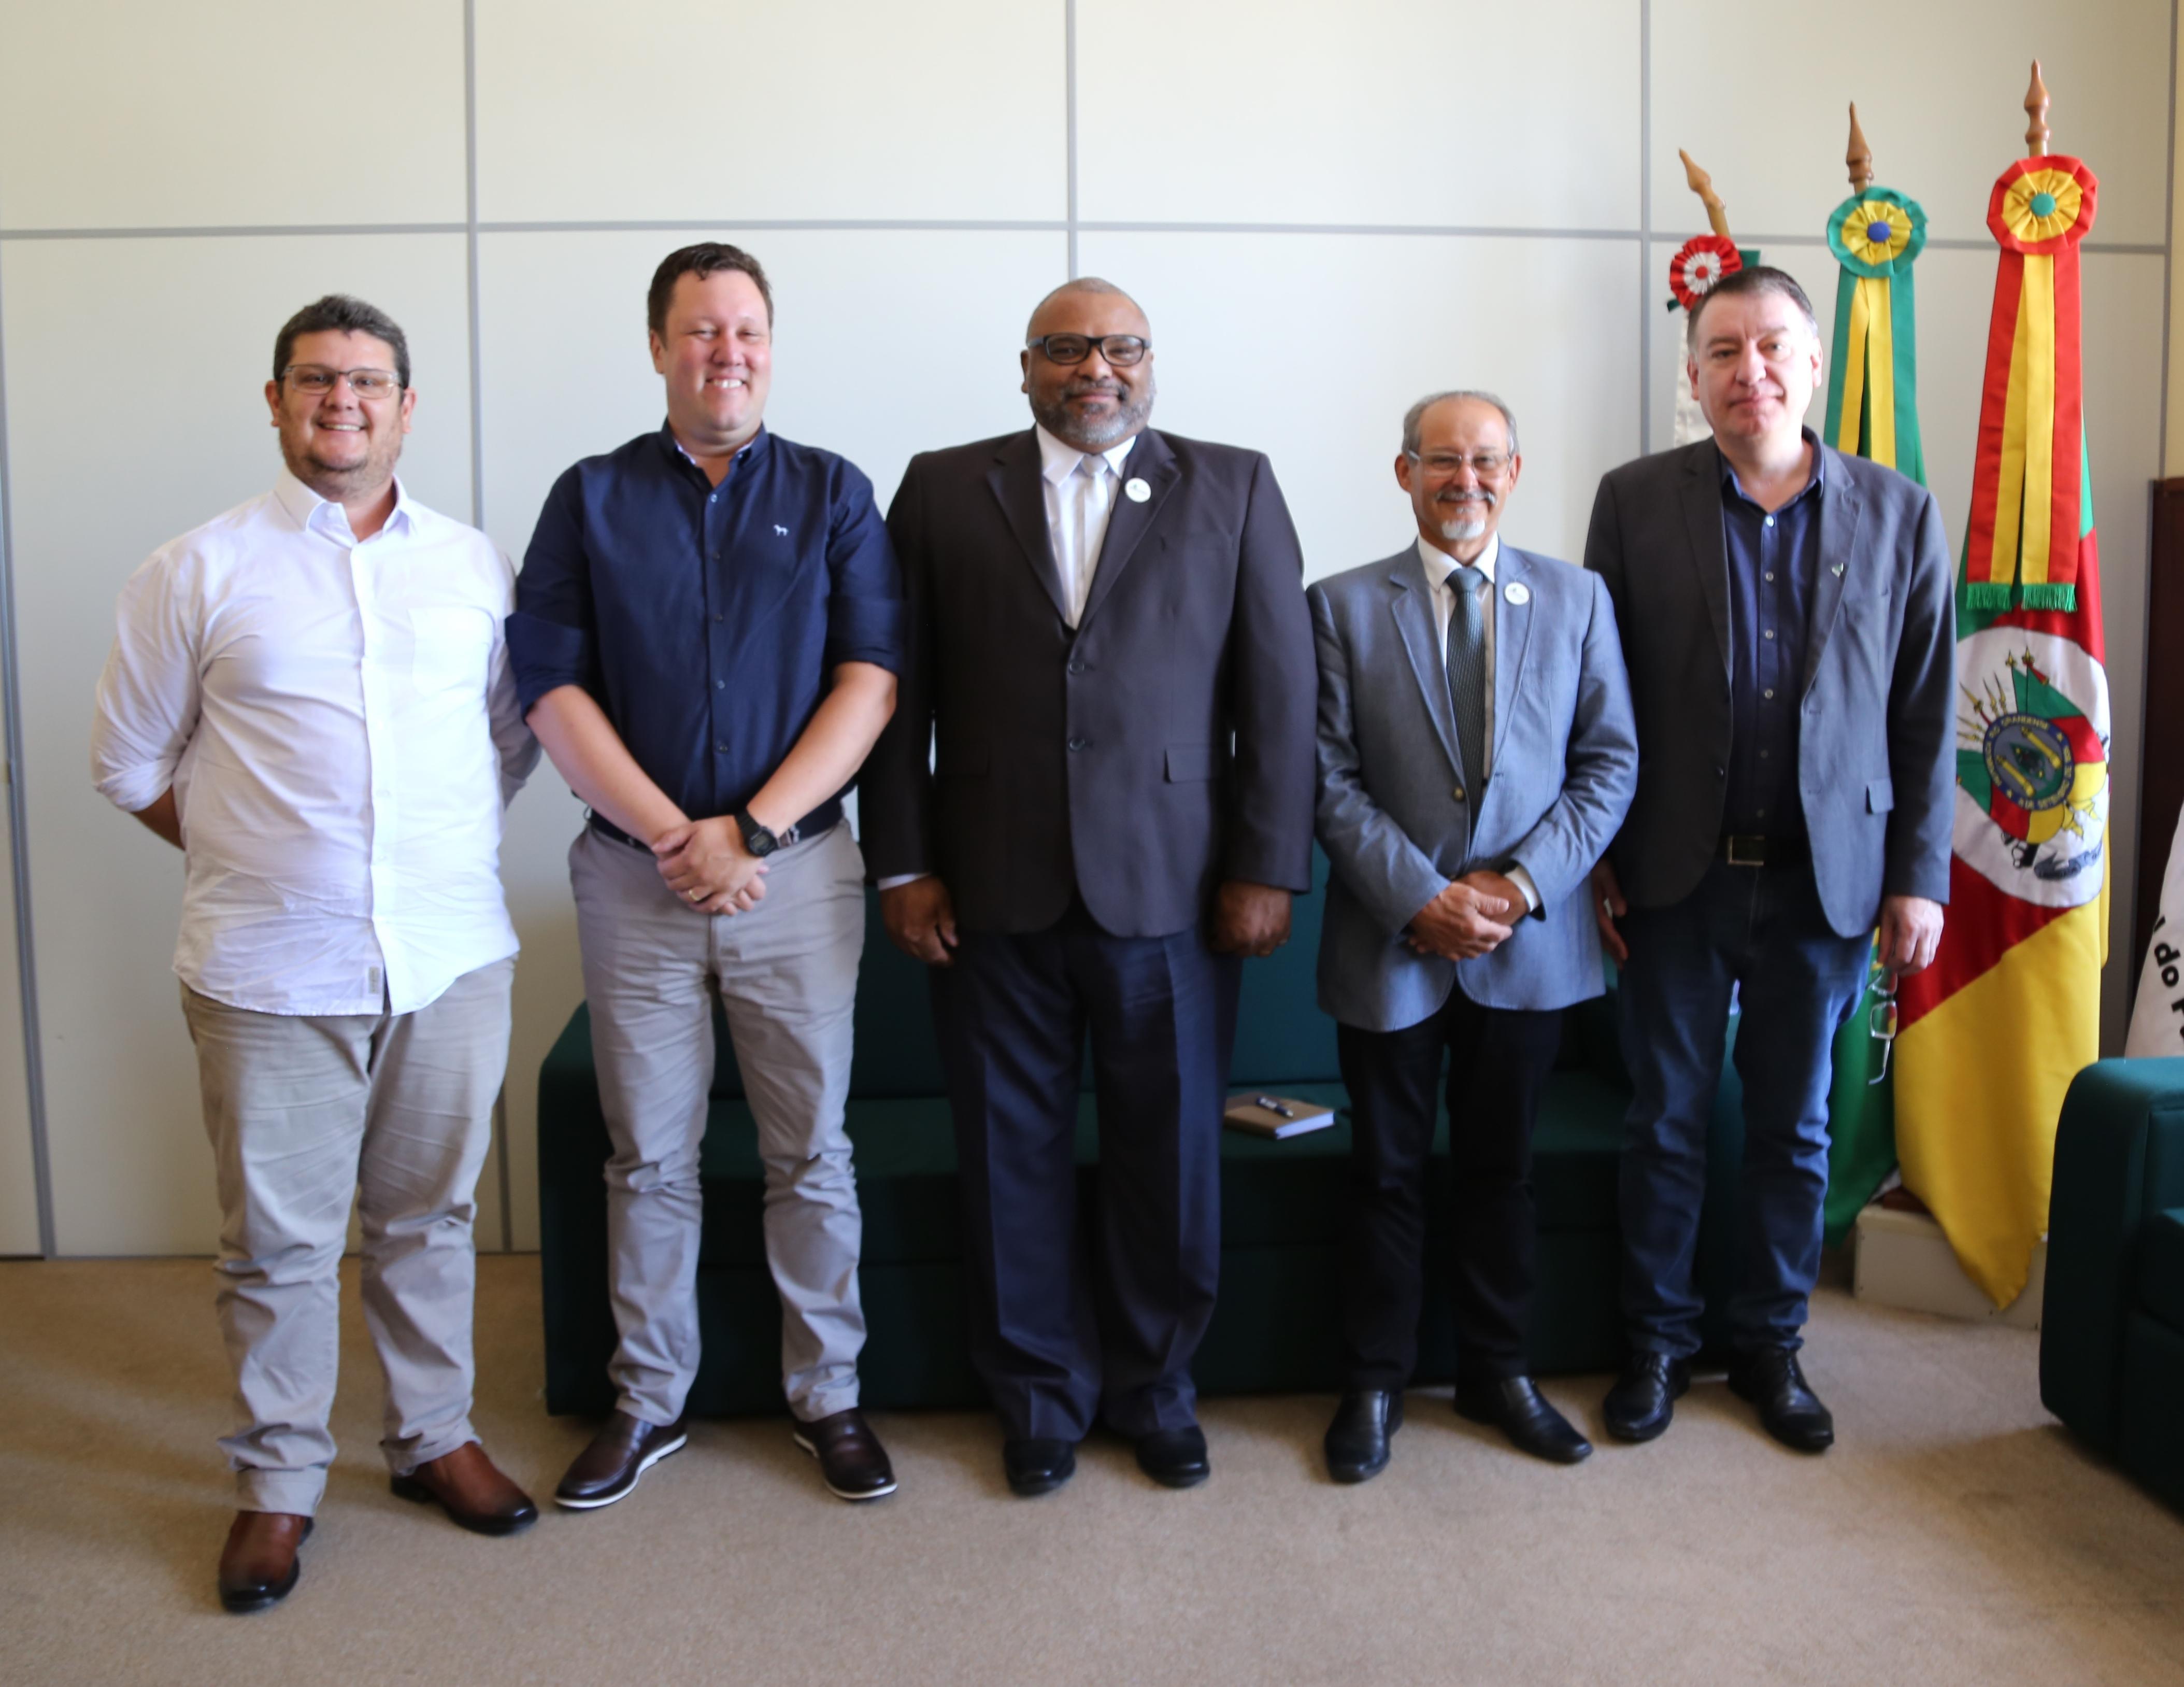 Unipampa e UFFS reúnem-se para tratar pautas interinstitucionais - Foto: Franceli Couto/Unipampa
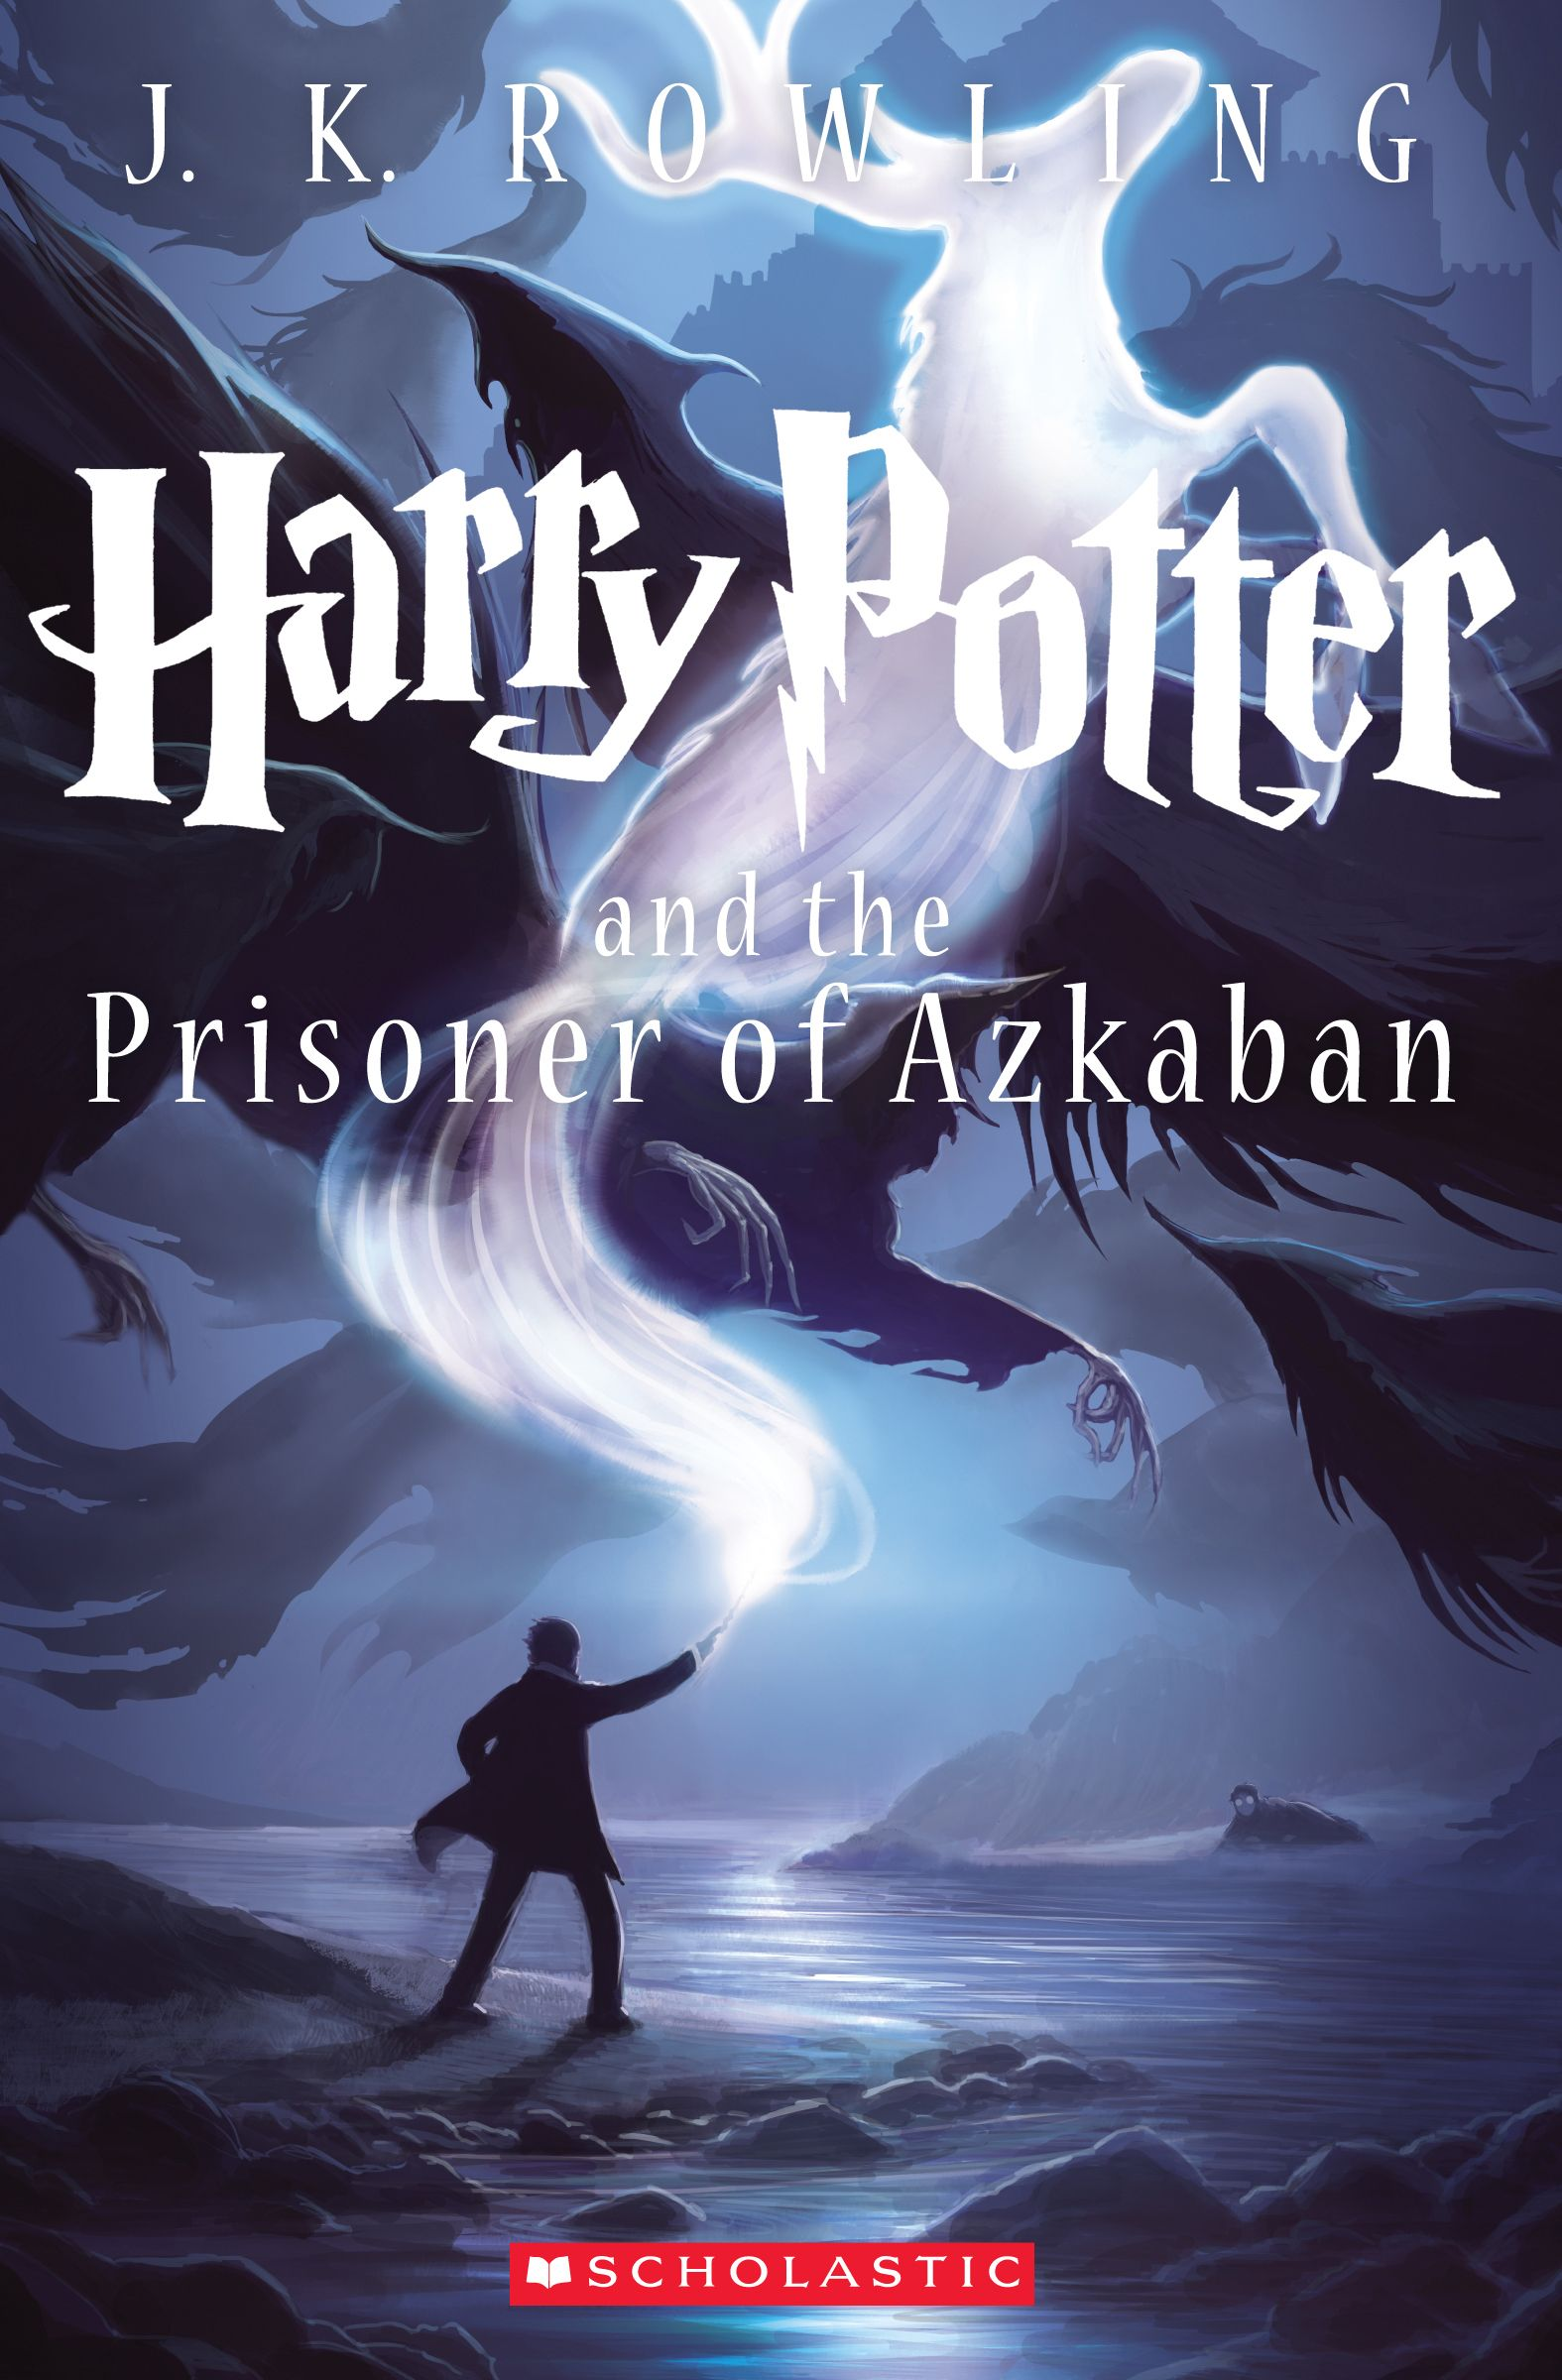 Harry Potter News New Harry Potter And The Prisoner Of Azkaban U S Book C Cubiertas De Libros De Harry Potter Libros De Harry Potter Prisionero De Azkaban
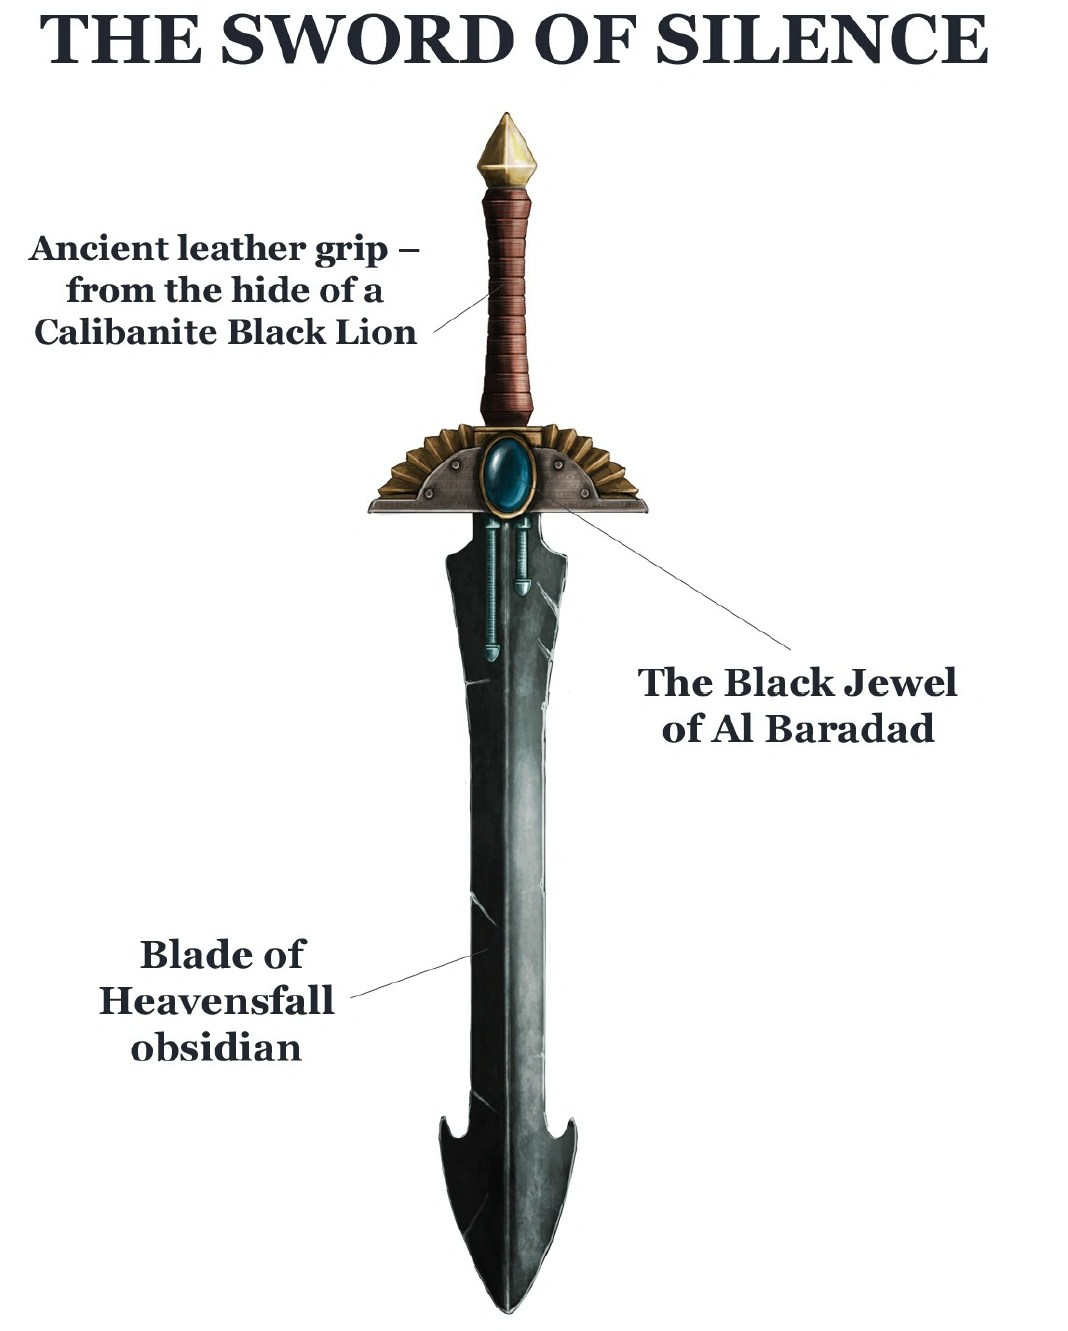 Image Sword Of Silence Belialpng Warhammer 40k

━━━━━━━━━━━━━━━━

§ **THE TASK**
Everything in the listing should be repeated exactly except the pictures.

§ **RESULT**
 Unipampa e UFFS reúnem-se para tratar pautas interinstitucionais - Foto: Franceli Couto/Unipampa
 Harry Potter News New Harry Potter And The Prisoner Of Azkaban U S Book C Cubiertas De Libros De Harry Potter Libros De Harry Potter Prisionero De Azkaban
 Image Sword Of Silence Belialpng Warhammer 40k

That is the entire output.